15min:
HIGH-RESOLUTION SPECTROSCOPY OF THE nu8 BAND OF METHYLENE BROMIDE USING A QUANTUM CASCADE LASER-BASED CAVITY RINGDOWN SPECTROMETER.

JACOB T. STEWART, BRIAN E. BRUMFIELD, Department of Chemistry, University of Illinois at Urbana-Champaign, Urbana, IL 61801; MATTHEW D. ESCARRA, CLAIRE F. GMACHL, Department of Electrical Engineering, Princeton University, Princeton Institute for the Science and Technology of Materials, Princeton, NJ 08544; BENJAMIN J. MCCALL, Departments of Chemistry and Astronomy, University of Illinois at Urbana-Champaign, Urbana, IL 61801.

Our group has constructed a cavity ringdown spectrometer based on a quantum cascade laser (QCL) in an effort to obtain a high-resolution gas phase spectrum of buckminsterfullerene (C60). To test the performance of our spectrometer we have observed the nu8 band of methylene bromide (CH2Br2) from 1196 to 1197.5 cm-1. This band had previously only been recorded at low resolution.

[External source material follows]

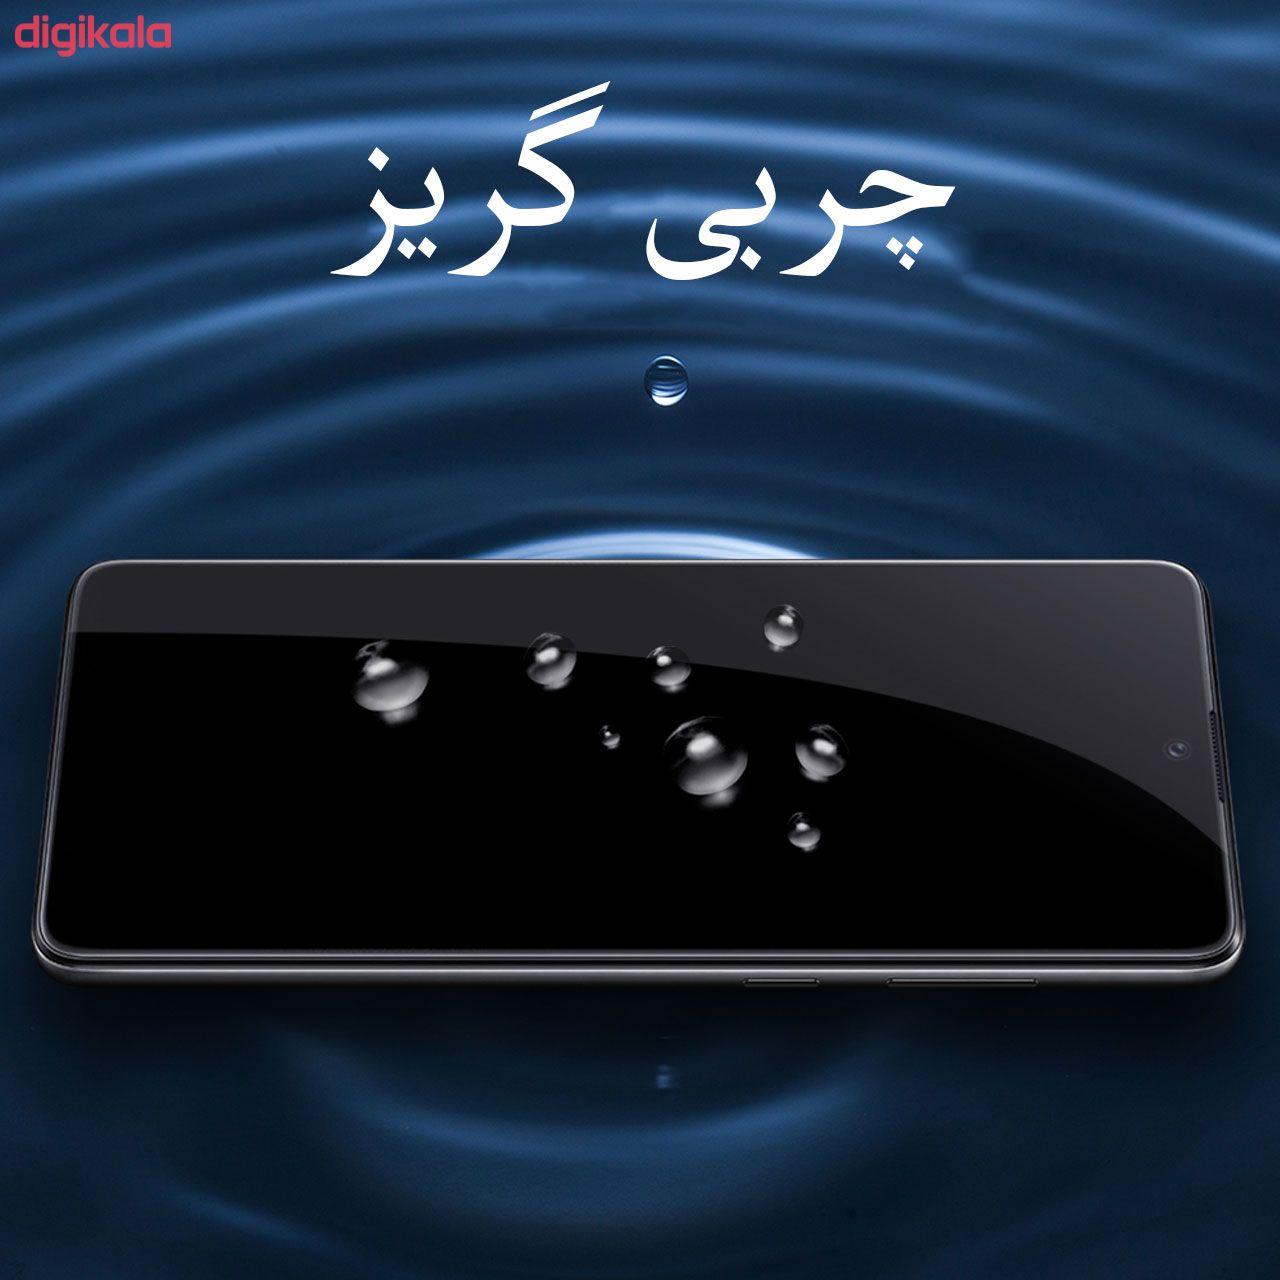 محافظ صفحه نمایش مدل FCG مناسب برای گوشی موبایل شیائومی Poco X3 main 1 1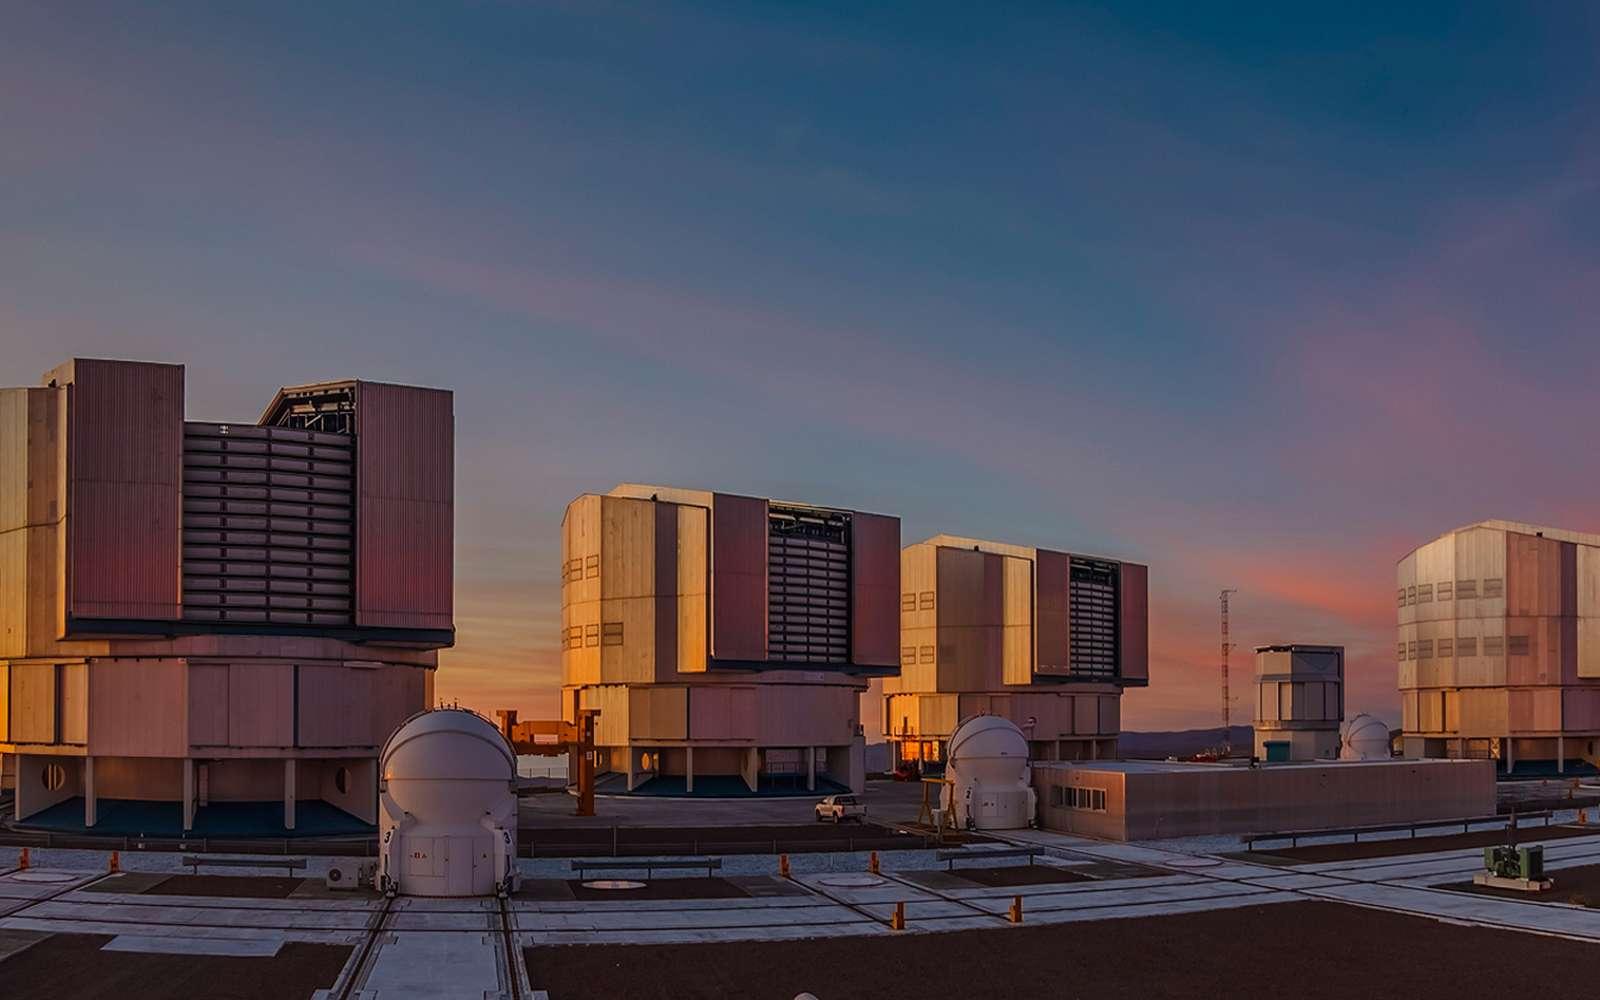 Le Cerro Paranal est une montagne du désert d'Atacama (Chili) devenu célèbre après l'installation en son sommet d'un observatoire astronomique européen. Là, il fait beau 330 jours par an. Loin de toute pollution atmosphérique — y compris de type vapeur d'eau — et lumineuse, le site jouit d'un ciel d'une pureté exceptionnelle.La construction des quatre grands télescopes qui composent le Very Large Telescope (VLT) a débuté en 1998 à quelque 2.600 mètres d'altitude. Depuis, le VLT, l'un des télescopes les plus évolués au monde, a tenu toutes ses promesses. © Marcio Cabral, Tous droits réservés

Cold methylene bromide molecules were produced in a continuous supersonic expansion from a 700 µm pinhole and probed using continuous wave cavity ringdown spectroscopy (cw-CRDS). To our knowledge, this is the first experiment to measure a supersonic jet-cooled sample using a QCL-based cw-CRDS spectrometer. We have assigned the observed ro-vibrational lines from the three isotopomers of CH2Br2 to effective Hamiltonians, and find that the molecules have been cooled to a rotational temperature of sim3--10 K.